Intriguingly, we did not identify a similarly significant instantaneous correlation between the protrusion velocity and Arp3 in any cluster (Fig. 4g). Conversely, we identified a significantly stronger instantaneous correlation between VASP intensities and protrusion velocities in all clusters in the time-specific correlation analysis (Fig. 4h). This is consistent with the previous study such that the edge velocity and lamellipodial VASP intensity were highly correlated when the leading edges of B16 melanoma cells had a uniform rate of protrusion29; however our study provided substantial quantitative evidence from the samples exhibiting highly heterogeneous and non-stationary edge movements. This further suggests that VASP compared to Arp2/3 plays a more direct role in controlling the protrusion velocity at the leading edge in all protrusion clusters. In Cluster I and II-1/2/3, VASP-dependent actin elongation tightly coordinates with Arp2/3 complex-mediated actin nucleation because actin exhibited a strong instantaneous correlation with protrusion velocity. Conversely, the significant and strong instantaneous correlation between VASP and the protrusion velocity in Cluster III begins to appear 100 s after protrusion onset (Fig. 4h, Cluster III), along with no correlation between actin and the protrusion velocity (Fig. 4f, Cluster III). This suggests that actin elongation by VASP plays a key role in the late phase of accelerating protrusion while Arp2/3 still plays a role in the early phase (Fig. 4i, Supplementary Note 2). We also demonstrated that VASP intensities contained sufficient information to predict protrusion phenotypes by the classification analysis (Fig. 4j, k, Supplementary Note 3).

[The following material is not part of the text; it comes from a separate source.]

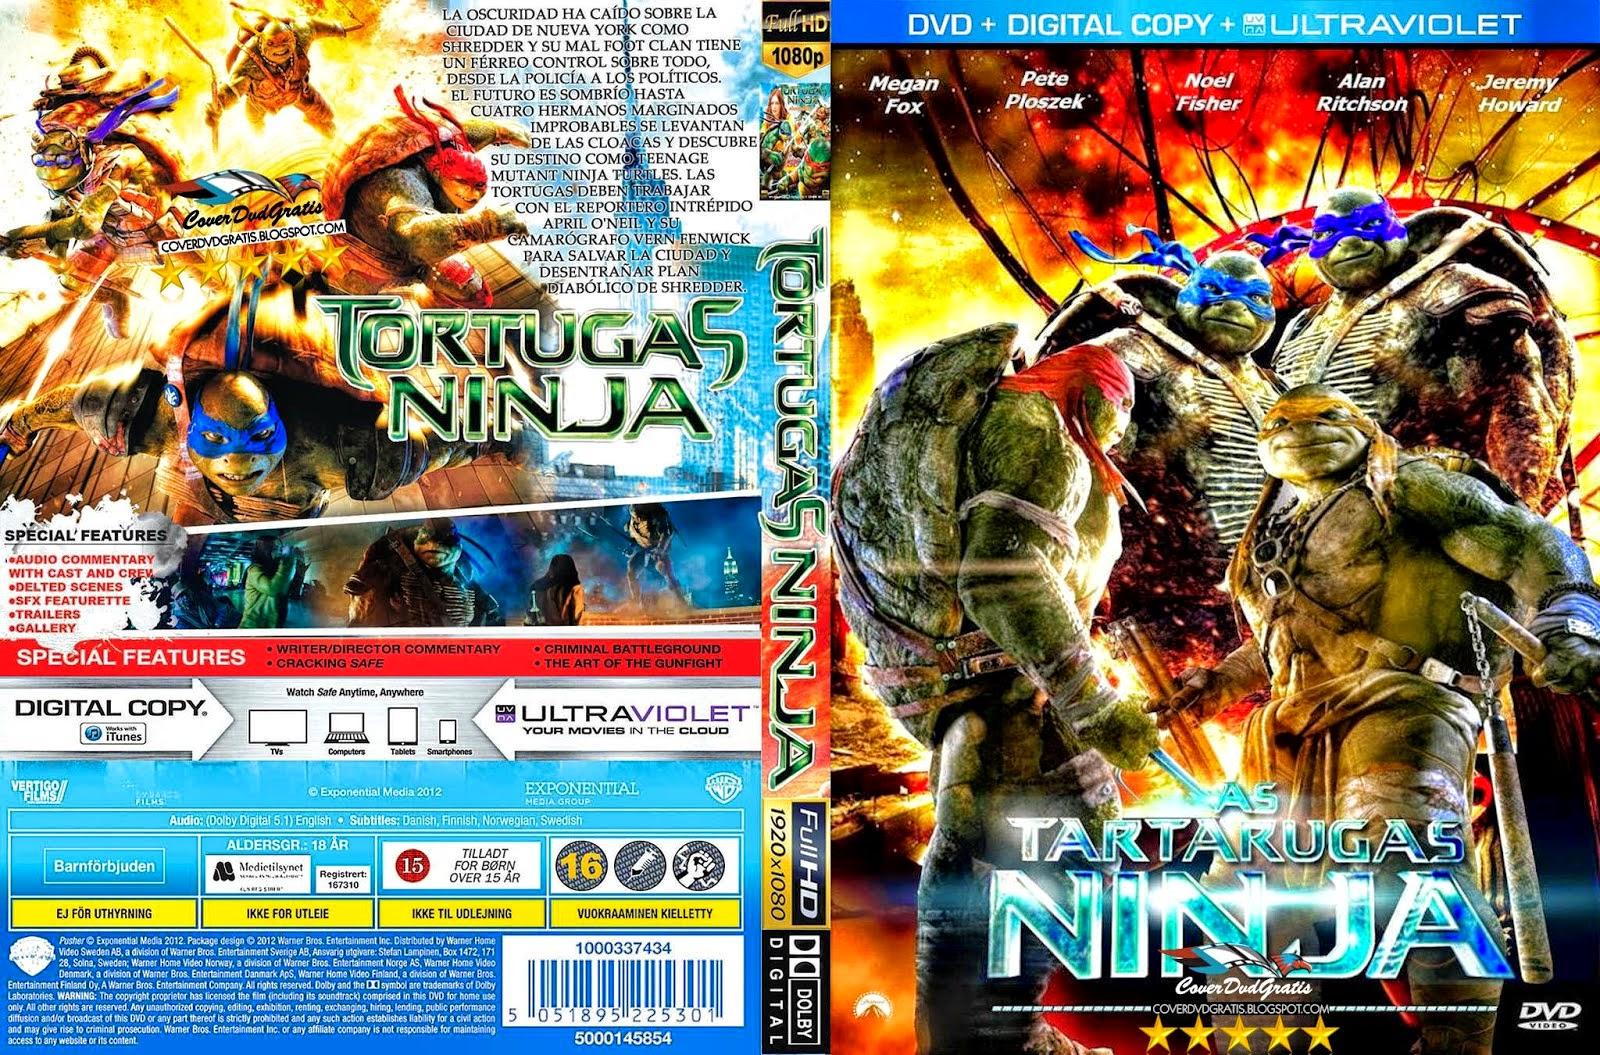 Las Tortugas Ninja DVD 2014

Notably, both the strong correlation between VASP and the protrusion velocity observed in all clusters and the postulated mode of VASP in regulating accelerating protrusions suggest that VASP plays a more critical role in generating differential protrusion phenotypes. The differences in how VASP and Arp2/3 polymerize actin further validate our interpretation. VASP facilitates actin filament elongation by binding to the barbed ends of actin filaments at the leading edge30,31,32, whereas Arp2/3 binds to the sides of the mother filaments and initiates actin nucleation. Thus, the ability of Arp2/3 to directly control barbed end elongation is limited33. Because actin elongation at the barbed end pushes the plasma membrane and generates protrusion velocity, the strong correlation between VASP activity and protrusion velocity at the leading edge is plausible.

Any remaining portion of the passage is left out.